The toy company Mattel wanted their iconic doll's Dreamhouse to be even more amazing than before, so they partnered with the most organized perfectionists ever to help them design it. Mattel made Barbie dolls of the two of them, too, and they even included Teplin's recognizable headband. Talk about #goals. "Our kids officially think we are the coolest moms," they later wrote on their website.

While they aren't available to the public, Barbie's 2021 Dreamhouse is available — and it seems that's where you'll find these limited edition dolls, too. "Please forward all mail to our new Barbie Dreamhouse," they wrote. "Please and thank you."

This is Clea and Joanna's favorite room of the house to organize

Out of all the rooms in your home that The Home Edit team can help organize, these co-creators absolutely have a favorite — and it may not be the space you'd assume. "Pantries," Joanna Teplin and Clea Shearer admitted without any hesitation to 92nd Street Y.

To many of us sitting at home, organizing our pantry seems like an unsettling undertaking — and for good reason. Even these professional organizers say it's the hardest space to tackle and recommend that no one ever start there if they decide to rearrange their home. However, this specific space — which the team even terms the "black diamond of organizing" — gets them super excited. "It's so fun," Shearer said. "I mean, we're weird."

Of course, perfecting a pantry comes with a lot of added perks. Who wouldn't want to spend their workday surrounded by snacks?

Organizing saves Clea and Joanna's sanity

The sheer thought of having to organize our homes can make many of us immediately stress out. However, organizing is Clea Shearer and Joanna Teplin's way of staying sane and even "lighter on your feet from the moment you wake up, honestly," Shearer told Wardrobe Icons. "An [organized] space is an [organized] head, they're really related." And it all makes sense.

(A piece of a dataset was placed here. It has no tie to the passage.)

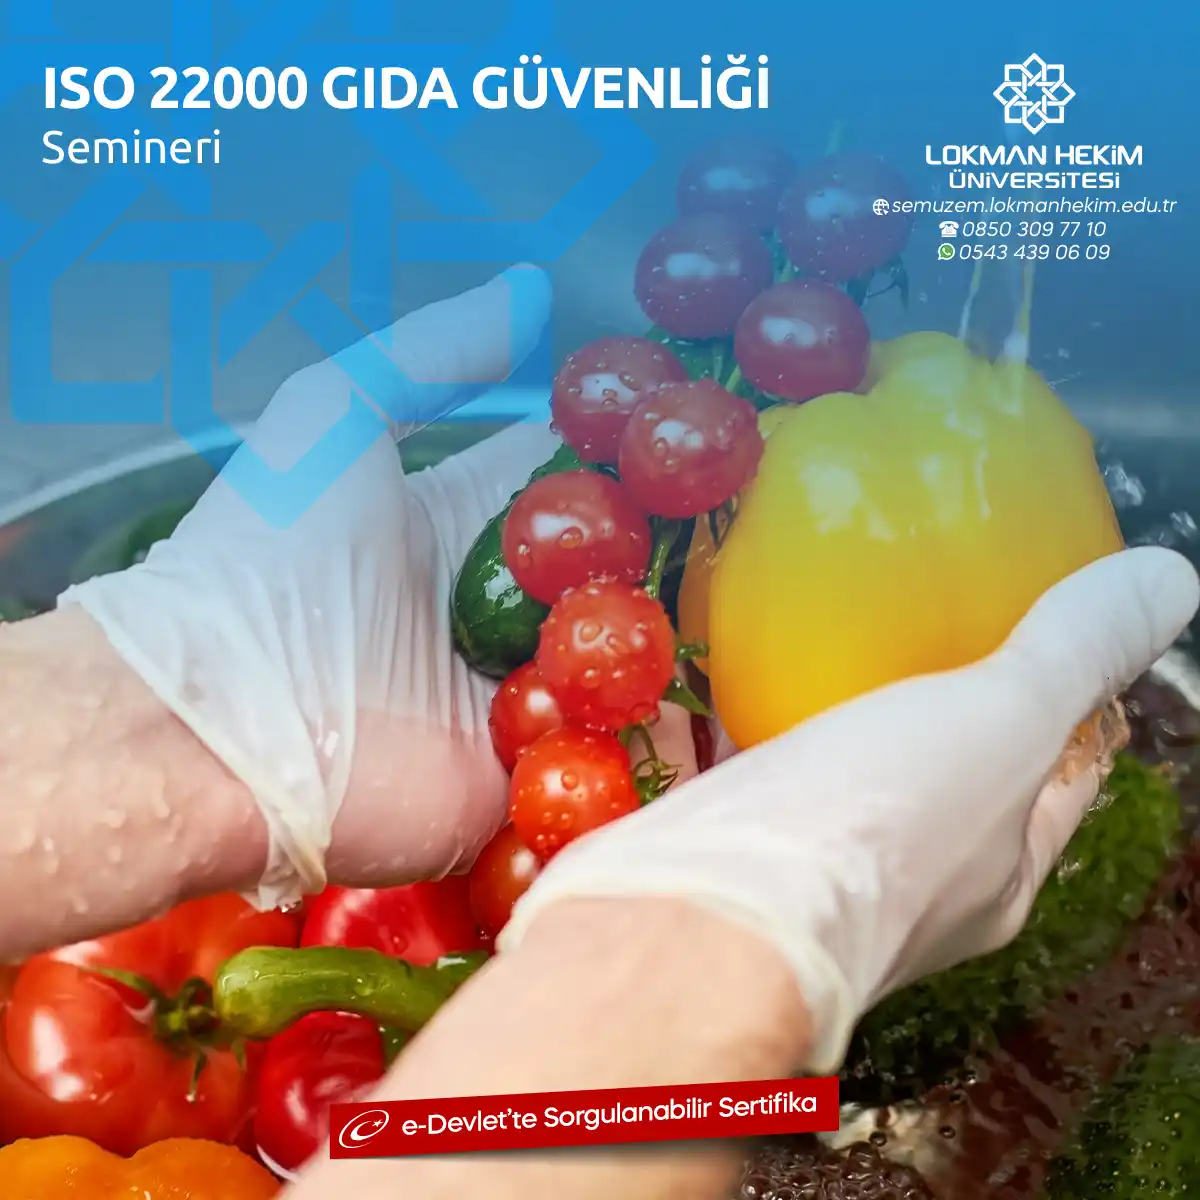 ISO 22000 Gıda Güvenliği Semineri

Multiple scientific studies have even proved this to be true.

Organizing not only helps improve this pair's mood, but it also has a huge effect on the homeowners they work with. "One of the things we often hear from our clients, is how calm they feel when everything's put away," Teplin told Create & Cultivate. "Organization can help save time, money, and ultimately, your sanity."

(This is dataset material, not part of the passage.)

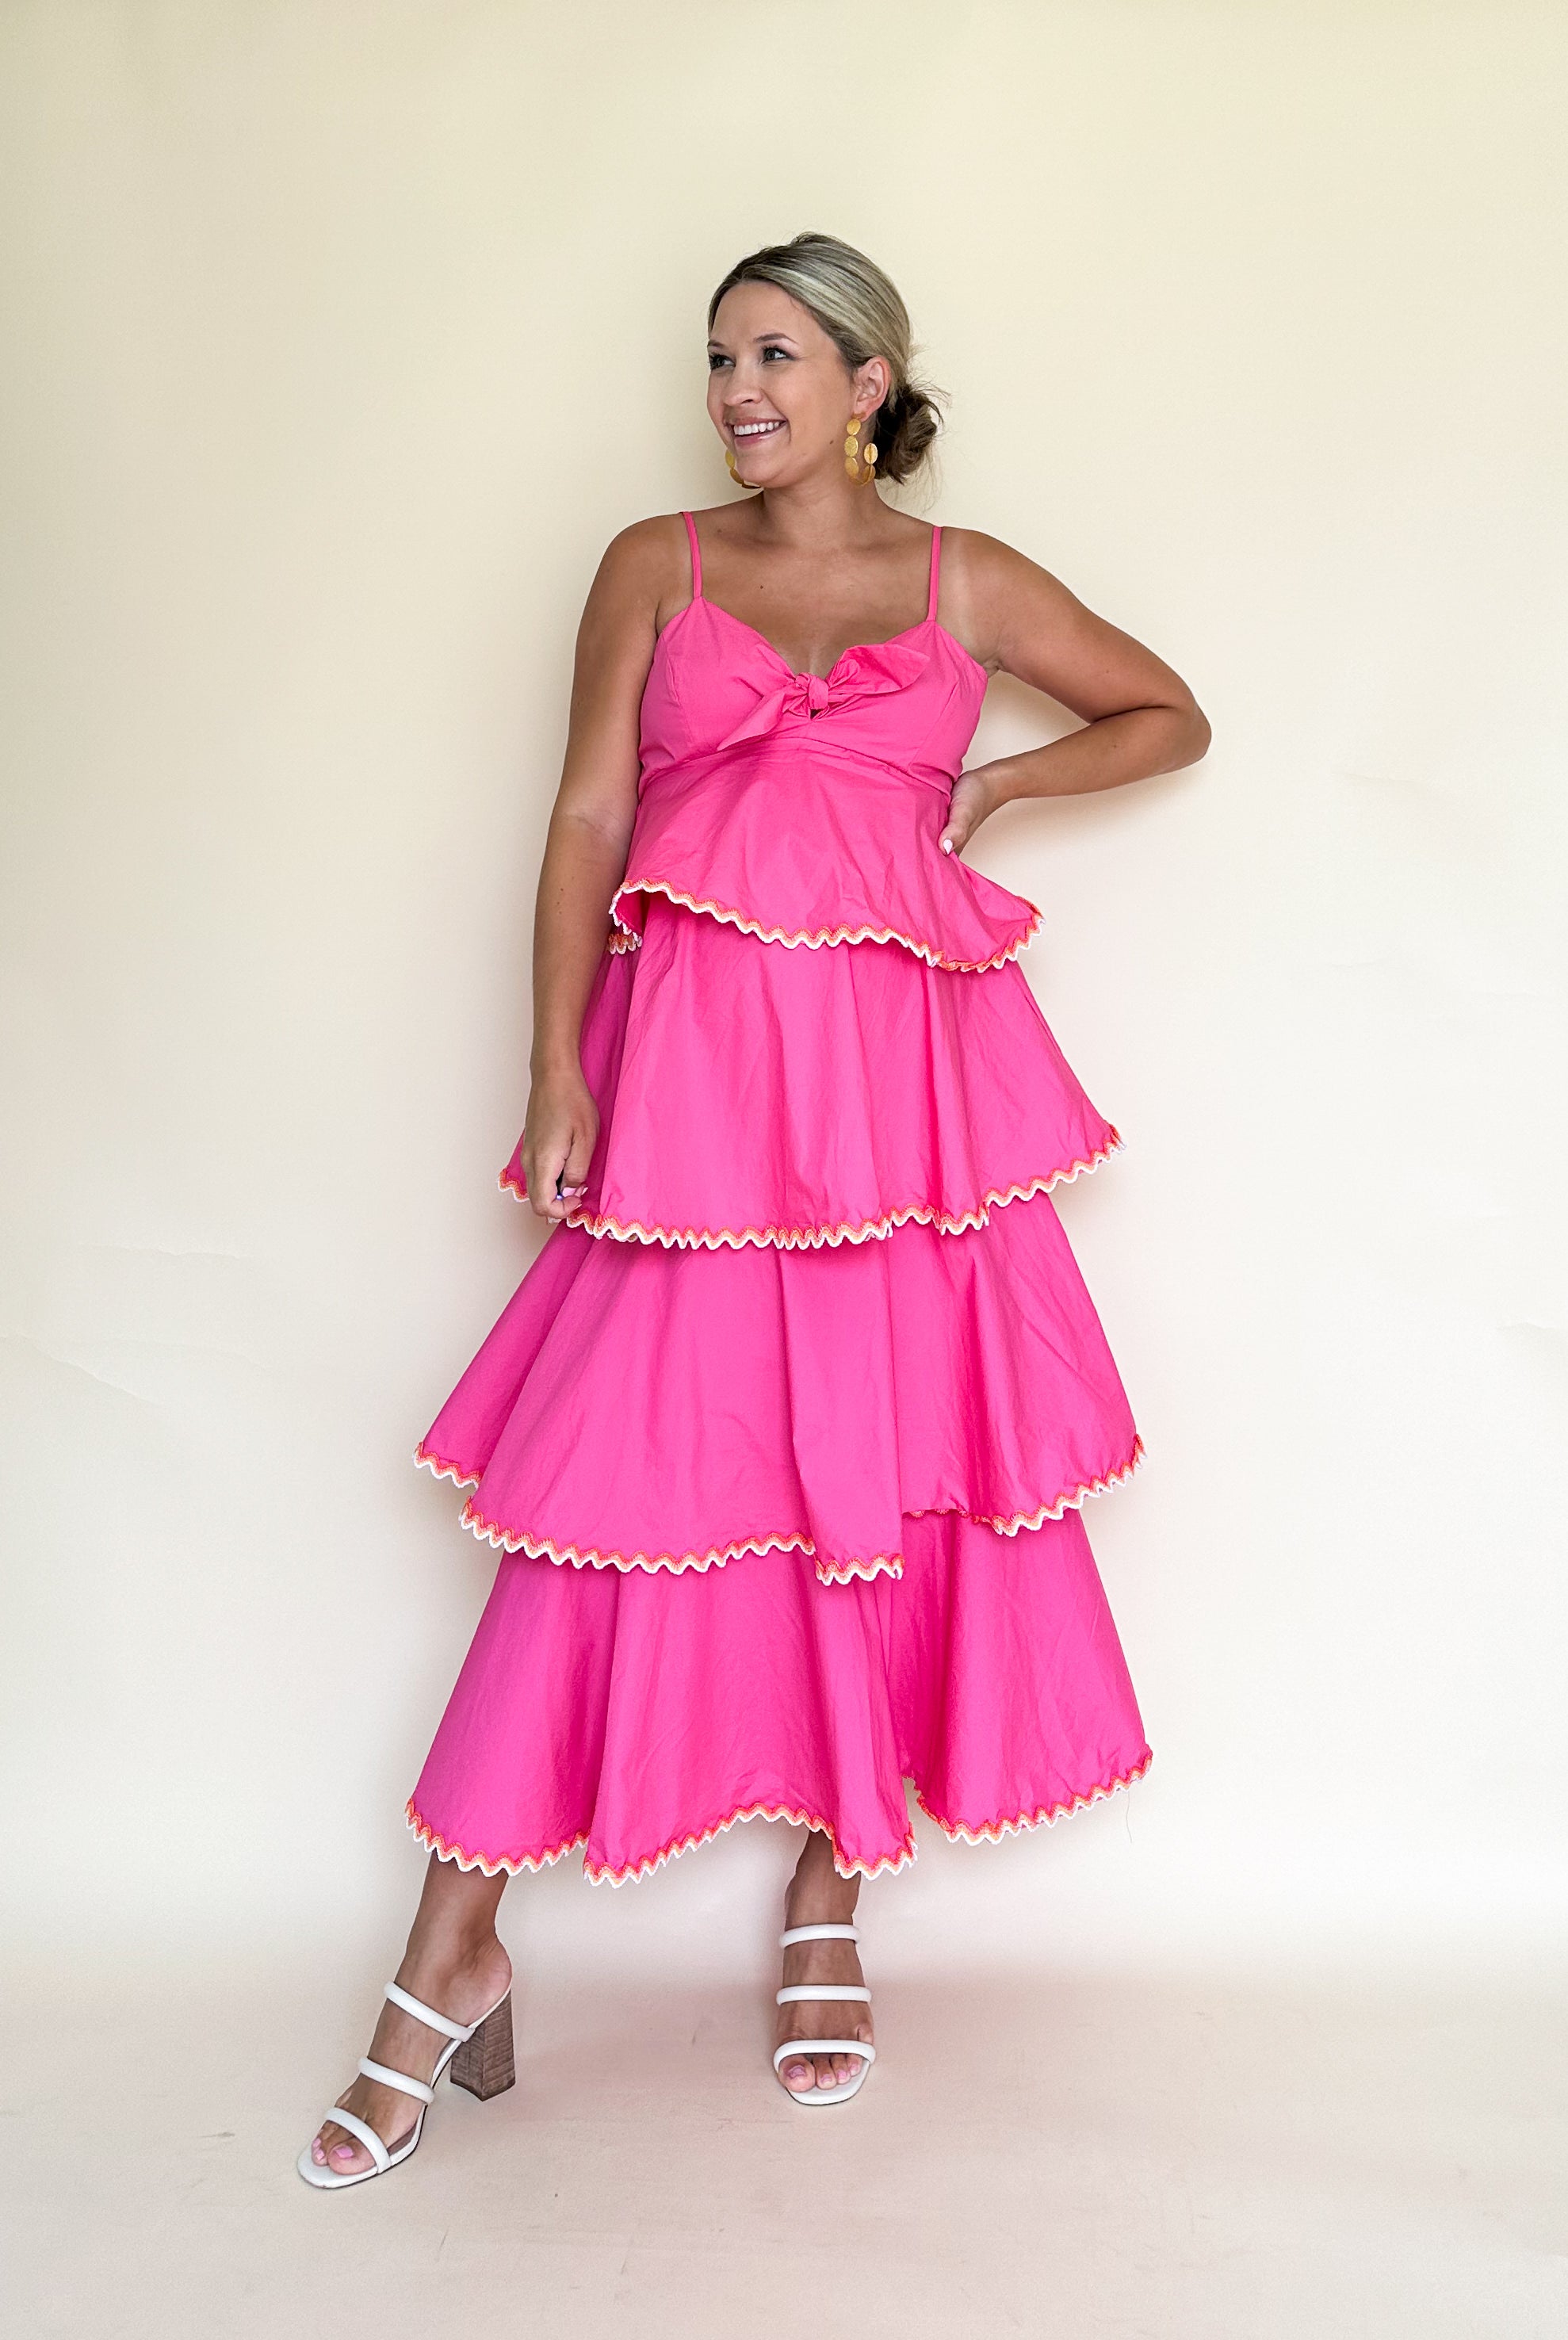 august apparel hot pink ruffle maxi dress

Between their TV show, bestselling books, product lines, and entirely relatable Instagram account, it has us all wanting to rearrange our closets — until we were warned by these pros. "Don't start with the closet," Shearer told Elite Daily, explaining that it can be overwhelming to anyone entering the world of organization. Instead, it's better to start small — so, for now, we'll be celebrating the victory of an extremely tidy kitchen drawer. It's the little things in life.